[SUPPLIED ENTRIES]
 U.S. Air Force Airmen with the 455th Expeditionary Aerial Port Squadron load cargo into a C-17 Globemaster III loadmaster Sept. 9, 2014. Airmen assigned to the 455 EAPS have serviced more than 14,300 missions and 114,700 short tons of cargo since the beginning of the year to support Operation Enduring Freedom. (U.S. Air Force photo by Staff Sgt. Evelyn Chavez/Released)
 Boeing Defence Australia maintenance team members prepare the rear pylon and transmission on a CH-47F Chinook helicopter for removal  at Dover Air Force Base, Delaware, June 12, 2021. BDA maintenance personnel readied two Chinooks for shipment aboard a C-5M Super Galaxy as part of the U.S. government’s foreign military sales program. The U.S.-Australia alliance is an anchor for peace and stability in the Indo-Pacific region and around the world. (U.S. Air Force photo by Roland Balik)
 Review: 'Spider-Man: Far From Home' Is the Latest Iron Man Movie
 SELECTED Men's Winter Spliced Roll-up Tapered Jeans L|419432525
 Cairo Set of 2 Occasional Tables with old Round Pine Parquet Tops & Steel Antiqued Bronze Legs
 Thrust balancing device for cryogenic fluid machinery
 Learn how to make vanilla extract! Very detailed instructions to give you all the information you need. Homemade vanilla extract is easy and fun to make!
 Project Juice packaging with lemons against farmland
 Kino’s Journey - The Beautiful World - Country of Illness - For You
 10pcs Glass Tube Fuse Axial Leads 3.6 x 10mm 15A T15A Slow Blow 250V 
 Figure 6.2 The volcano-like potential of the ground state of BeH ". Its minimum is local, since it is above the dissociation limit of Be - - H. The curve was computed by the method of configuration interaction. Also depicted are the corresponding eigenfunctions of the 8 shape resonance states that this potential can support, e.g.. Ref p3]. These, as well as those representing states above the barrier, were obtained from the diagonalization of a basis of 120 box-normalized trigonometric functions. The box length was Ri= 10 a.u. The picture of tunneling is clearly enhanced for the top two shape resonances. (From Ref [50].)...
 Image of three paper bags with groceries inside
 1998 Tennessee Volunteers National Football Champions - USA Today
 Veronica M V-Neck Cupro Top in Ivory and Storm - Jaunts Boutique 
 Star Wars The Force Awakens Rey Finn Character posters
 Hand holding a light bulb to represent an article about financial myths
[/SUPPLIED ENTRIES]
• [WHAT THE TASK ASKS]
Copy the whole listing, word for word.

• [EXERCISE RESULT]
 U.S. Air Force Airmen with the 455th Expeditionary Aerial Port Squadron load cargo into a C-17 Globemaster III loadmaster Sept. 9, 2014. Airmen assigned to the 455 EAPS have serviced more than 14,300 missions and 114,700 short tons of cargo since the beginning of the year to support Operation Enduring Freedom. (U.S. Air Force photo by Staff Sgt. Evelyn Chavez/Released)
 Boeing Defence Australia maintenance team members prepare the rear pylon and transmission on a CH-47F Chinook helicopter for removal  at Dover Air Force Base, Delaware, June 12, 2021. BDA maintenance personnel readied two Chinooks for shipment aboard a C-5M Super Galaxy as part of the U.S. government’s foreign military sales program. The U.S.-Australia alliance is an anchor for peace and stability in the Indo-Pacific region and around the world. (U.S. Air Force photo by Roland Balik)
 Review: 'Spider-Man: Far From Home' Is the Latest Iron Man Movie
 SELECTED Men's Winter Spliced Roll-up Tapered Jeans L|419432525
 Cairo Set of 2 Occasional Tables with old Round Pine Parquet Tops & Steel Antiqued Bronze Legs
 Thrust balancing device for cryogenic fluid machinery
 Learn how to make vanilla extract! Very detailed instructions to give you all the information you need. Homemade vanilla extract is easy and fun to make!
 Project Juice packaging with lemons against farmland
 Kino’s Journey - The Beautiful World - Country of Illness - For You
 10pcs Glass Tube Fuse Axial Leads 3.6 x 10mm 15A T15A Slow Blow 250V 
 Figure 6.2 The volcano-like potential of the ground state of BeH ". Its minimum is local, since it is above the dissociation limit of Be - - H. The curve was computed by the method of configuration interaction. Also depicted are the corresponding eigenfunctions of the 8 shape resonance states that this potential can support, e.g.. Ref p3]. These, as well as those representing states above the barrier, were obtained from the diagonalization of a basis of 120 box-normalized trigonometric functions. The box length was Ri= 10 a.u. The picture of tunneling is clearly enhanced for the top two shape resonances. (From Ref [50].)...
 Image of three paper bags with groceries inside
 1998 Tennessee Volunteers National Football Champions - USA Today
 Veronica M V-Neck Cupro Top in Ivory and Storm - Jaunts Boutique 
 Star Wars The Force Awakens Rey Finn Character posters
 Hand holding a light bulb to represent an article about financial myths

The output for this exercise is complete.